PURPOSE To evaluate the diagnosis value of exercise testing for silent myocardial ischemia in systolic hypertension of the elderly. METHODS We compared 110 patients with systolic hypertension (group A) with 104 patients without hypertension (group B). They were submitted to an exercise test according to the Bruce protocol, between January/91 to December/94. Exercise was discontinued if target heart rate was achieved, or fatigue, dyspnea, severe arrhythmia, hypotension or significant ST segment depression > or = 2 mm/0.2 mV developed. RESULTS Exercise testing showed ischemic ST depression in 22 (20%) of the elderly patients with hypertension systolic and 12 (11.5%) of control elderly patients. The exercise time was shorter in the hypertensives 7.1 +/- 2.9 min vs 8.8 +/- 2.5 min. The ST depression was greater in the hypertensives than the control group: 2.5 +/- 0.8 min vs 1.9 +/- 0.4 min.

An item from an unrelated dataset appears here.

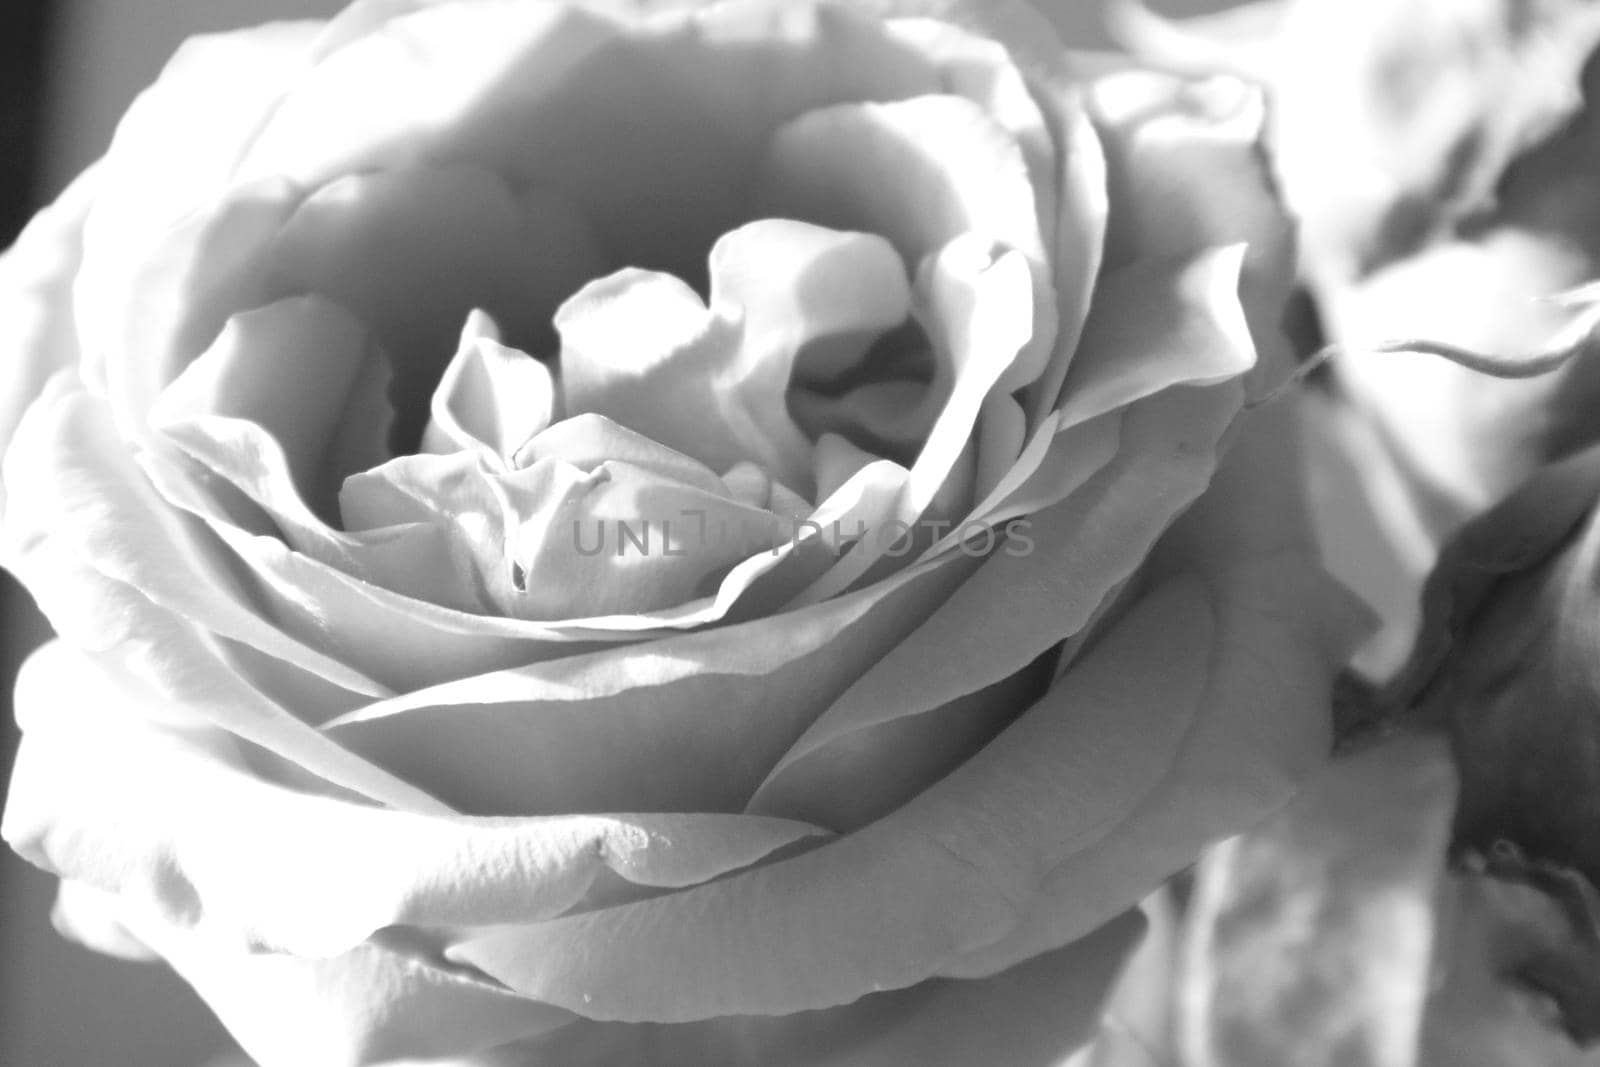 Close-up of a single rose flower, black and white photography, monochrome, minimalism.

Also the duration or ischemic ST depression was longer in the hypertensive patients than the control group 5.4 +/- 2.8 min vs 3.4 +/- 1.9 min. CONCLUSION Elderly hypertensive patients with systolic hypertension have more silent myocardial ischemia than elderly without hypertension. Among the elderly hypertensive patients there was a prevalence of silent ischemia that was 1.7 times higher than in the normotensive elderlies (20% vs 11.5% P < 0.003).